2) Sweep spot and inspect Greeks

import numpy as np
from option_pricing.diagnostics.greeks.sweep import sweep_spot_greeks

spots = np.linspace(60.0, 140.0, 81)
out = sweep_spot_greeks(base, spots, method="analytic")

print(out.delta[:5])
print(out.gamma[:5])

3) Run surface diagnostics on a volatility surface

from option_pricing.diagnostics.vol_surface import run_surface_diagnostics

report = run_surface_diagnostics(
    surface,
    forward=forward,
    df=df,
    include_svi=True,
    include_domain=True,
)

print(report.meta)
print(report.tables["noarb_smiles"].head())
print(report.to_json()[:200])

The returned object bundles notebook-friendly pandas.DataFrame tables plus optional arrays.
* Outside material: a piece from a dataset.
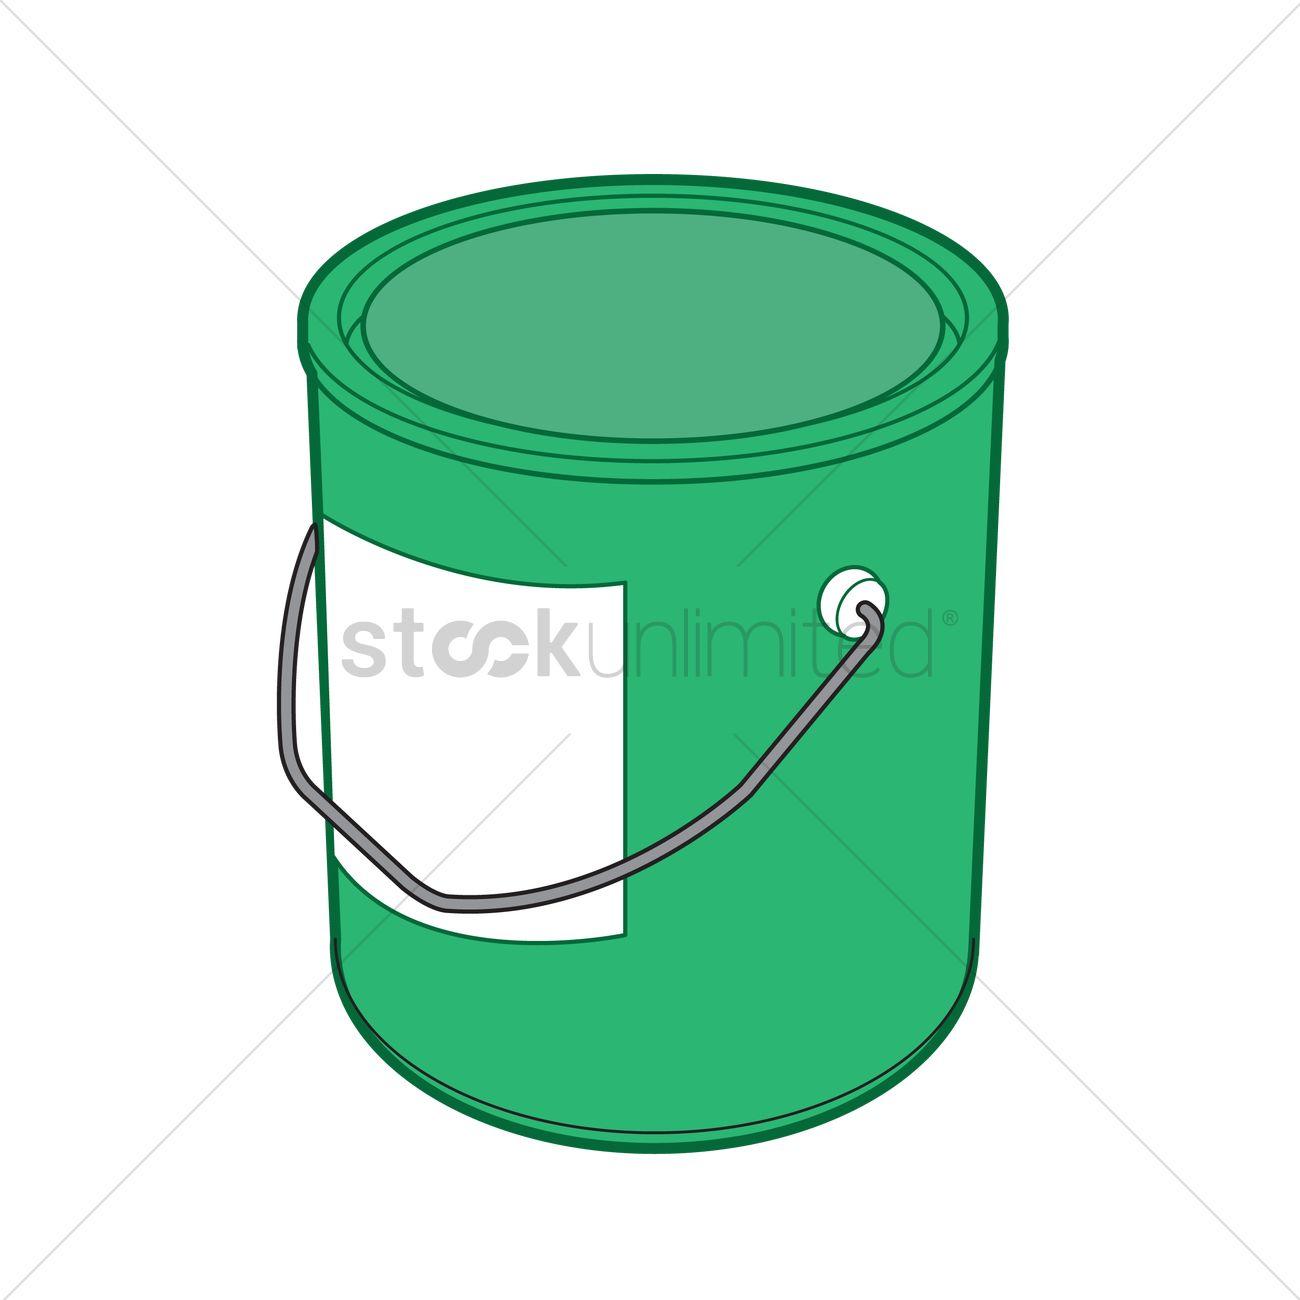 1300x1300 A Paint Bucket Vector Image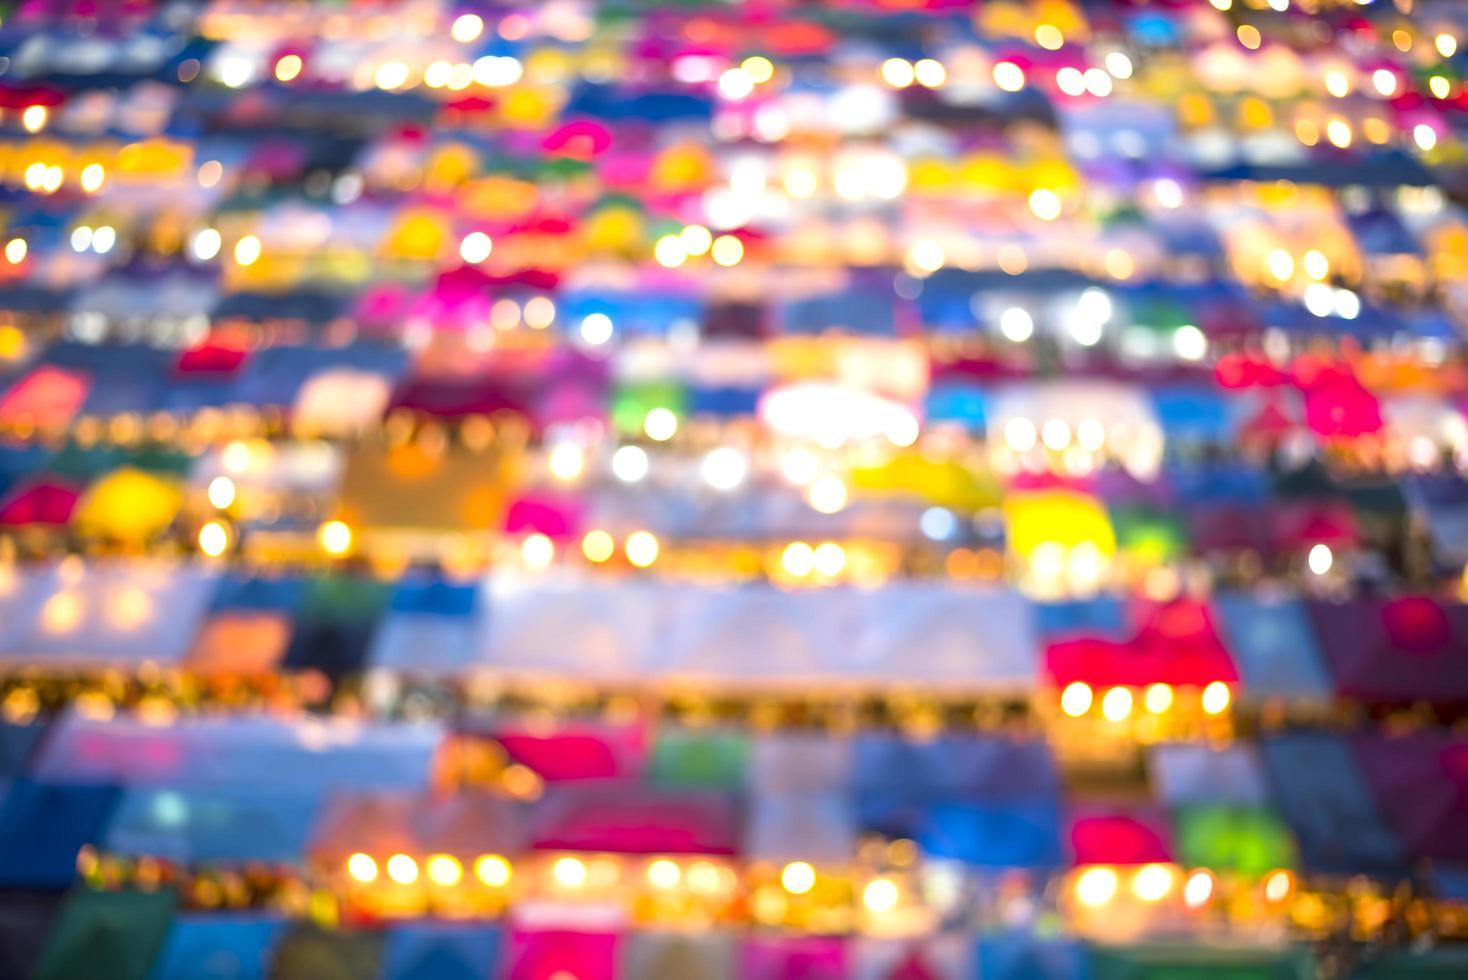 Colorful outdoor market bokeh photo

4) Try several SVI build recipes with fallback

from option_pricing.diagnostics.vol_surface.recipes import (
    build_svi_surface_with_fallback,
    default_svi_repair_candidates,
)

candidates = default_svi_repair_candidates()
surface_svi, label, attempts = build_svi_surface_with_fallback(
    rows,
    forward=forward,
    candidates=candidates,
    fallback_surface=surface_grid,
)

print(label)
print(attempts)

This is handy when you want a robust notebook workflow that tries repair-enabled SVI fits first and then falls back to a simple grid surface.

Notes

  • These helpers are mostly orchestration and reporting utilities.
  • They are excellent for demos and notebooks, but they are not required to use the core pricing APIs.
  • For the core surface objects themselves, see Volatility surface, SVI, and Local volatility.